Experience. Time. Observations.

Experience. Time. Observations. {Trumps “knowledge.”)

When you are (or were) in your 20’s (especially today), you think (or thought) you know (or knew) a lot. And while there is nothing wrong with being confident – it probably pays a lot to understand that you won’t EVER have the real wisdom until you’ve lived life a lot more. Hence my title: Experience. Time. Observations – and why it trumps the “knowledge” young people think they have these days.

40 years ago – it is probably safe to say that “kids” were not as “smart.” At least when it comes to most (ultimately) insignificant “facts.”

Sure, most youngun’s probably had more specialties (i.e., whatever mom or dad suggested should be their life path). Or spent more time focusing (more) on less stuff. Learning things. Fantasizing about their future. Significant hobbies, more time alone (i.e., instead of “chatting” with acquaintances about meaningless crap…)

Today – most internet users “Googgel” stuff to gain knowledge. They quickly accumulate (what they believe are) facts. Most of it may be true. Like many “how to” tips prevalent online, and other scientific or mathematical processes.

They learn via others, with very little real experience, or “personal trial and error,” which we’ve delved upon in the past. It’s harmless on the surface – I guess – but we feel it’s problematic long term.

Same can be said for political or societal issues. “TPTB” has been brilliantly coercing the majority of the population via hundreds of different methods. Mainstream news, entertainment, and so on – to the point where no one can even identify what it means, where it originated, or why this is the way it is. No one cares. They’re just “occupied.”

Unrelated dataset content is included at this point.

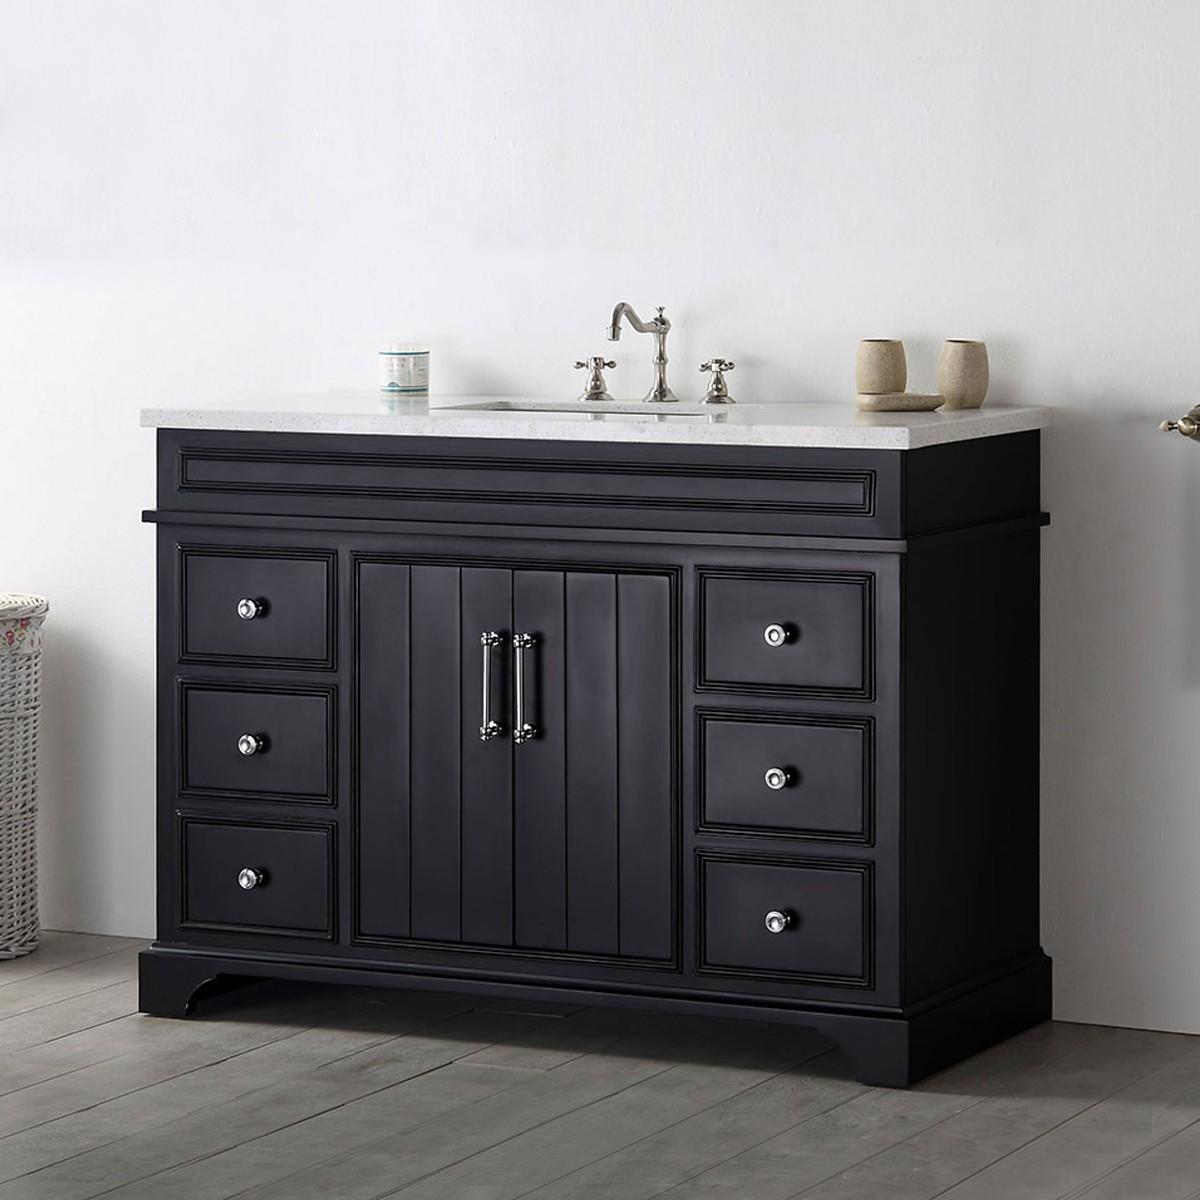 48 In. Bathroom Vanity (DK-6748-E)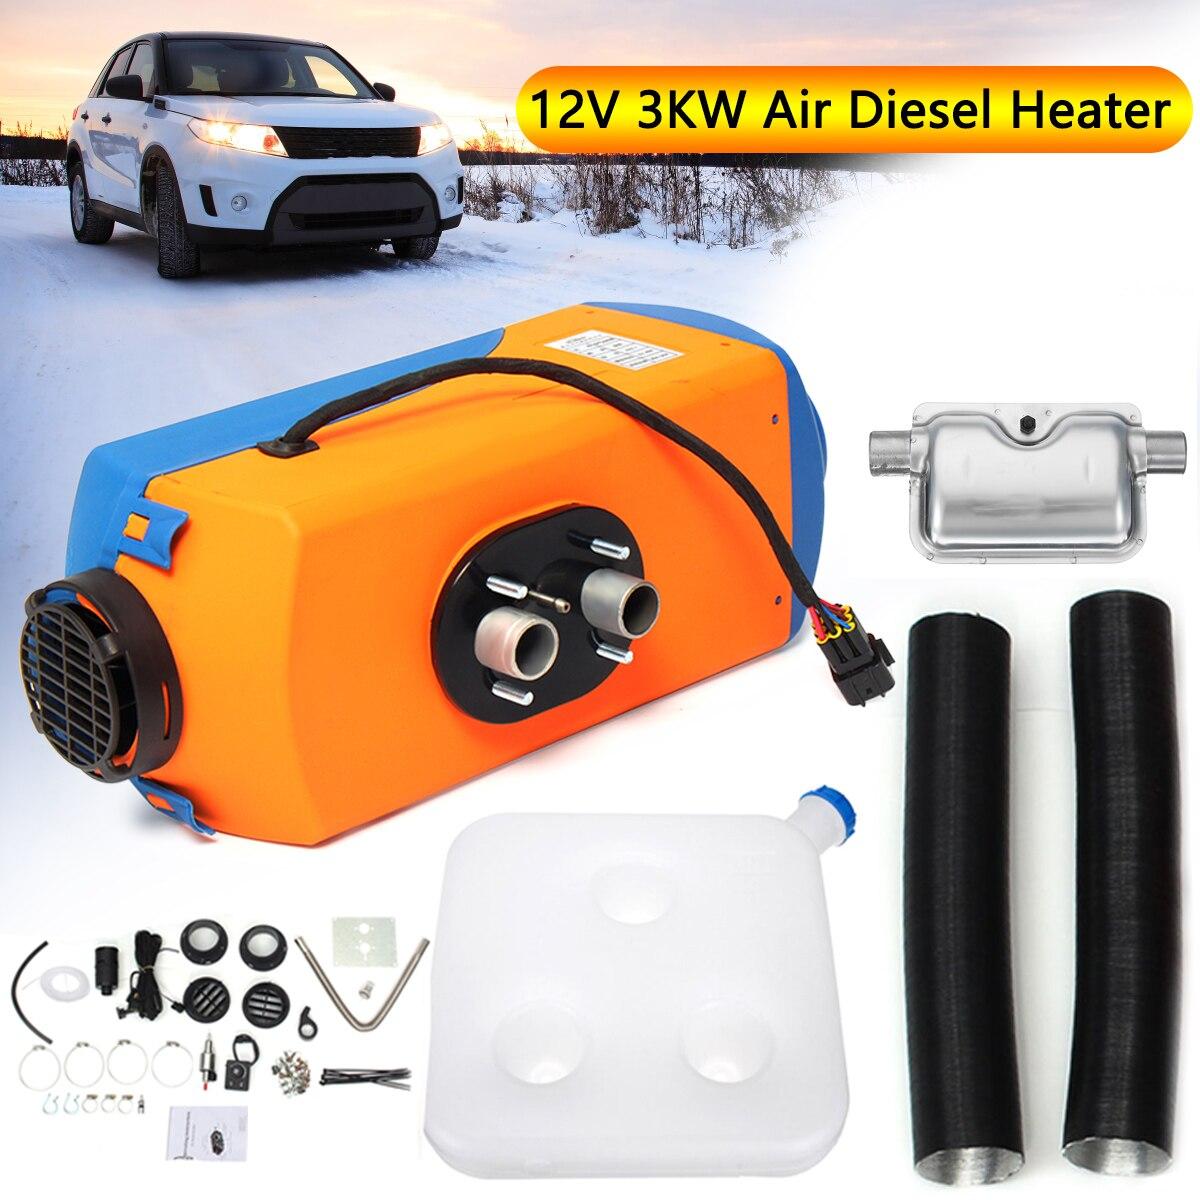 KROAK автомобильный обогреватель 12 В в 3 кВт парковочный обогреватель Air ELS обогреватель с поворотным переключателем + глушитель для Motorhome RV гру

Simple comparisons like this recent internet meme should open some eyes:

sears old navy ad - Experience. Time. Observations.

But something happens with “age.”

I’ve had conversations with “pompous” millennials. And it’s a bit cringe-worthy. The cocky nature of viewing an internet search result is fascinating. “They saw it” somewhere – and that is truth enough for them.

But as you get older (and accumulate very valuable time truly observing the world) something happens.

Some might call it cynicism, others might call it “cautiousness.”

As the layers begin to peel away (provided you’re not still stuck under the spell of “mainstream” anything), you start to see how the world works better.

You might begin to apply the “Cui Bono?” mentality to everything – no matter what glitzy covering is trying to deceive you.

By asking “Well, who benefits from this (insert name here) thing?”

Adopting the “draw the dotted lines” mentality is a good habit to form. To second guess almost everything – regardless of how noble it may sound at first glance.

That is one thing a majority of the millennials (and beyond) cannot do. It’s fundamental. Sure, like any generation – there are exceptions – but far and few between.

experience time observations - Experience. Time. Observations.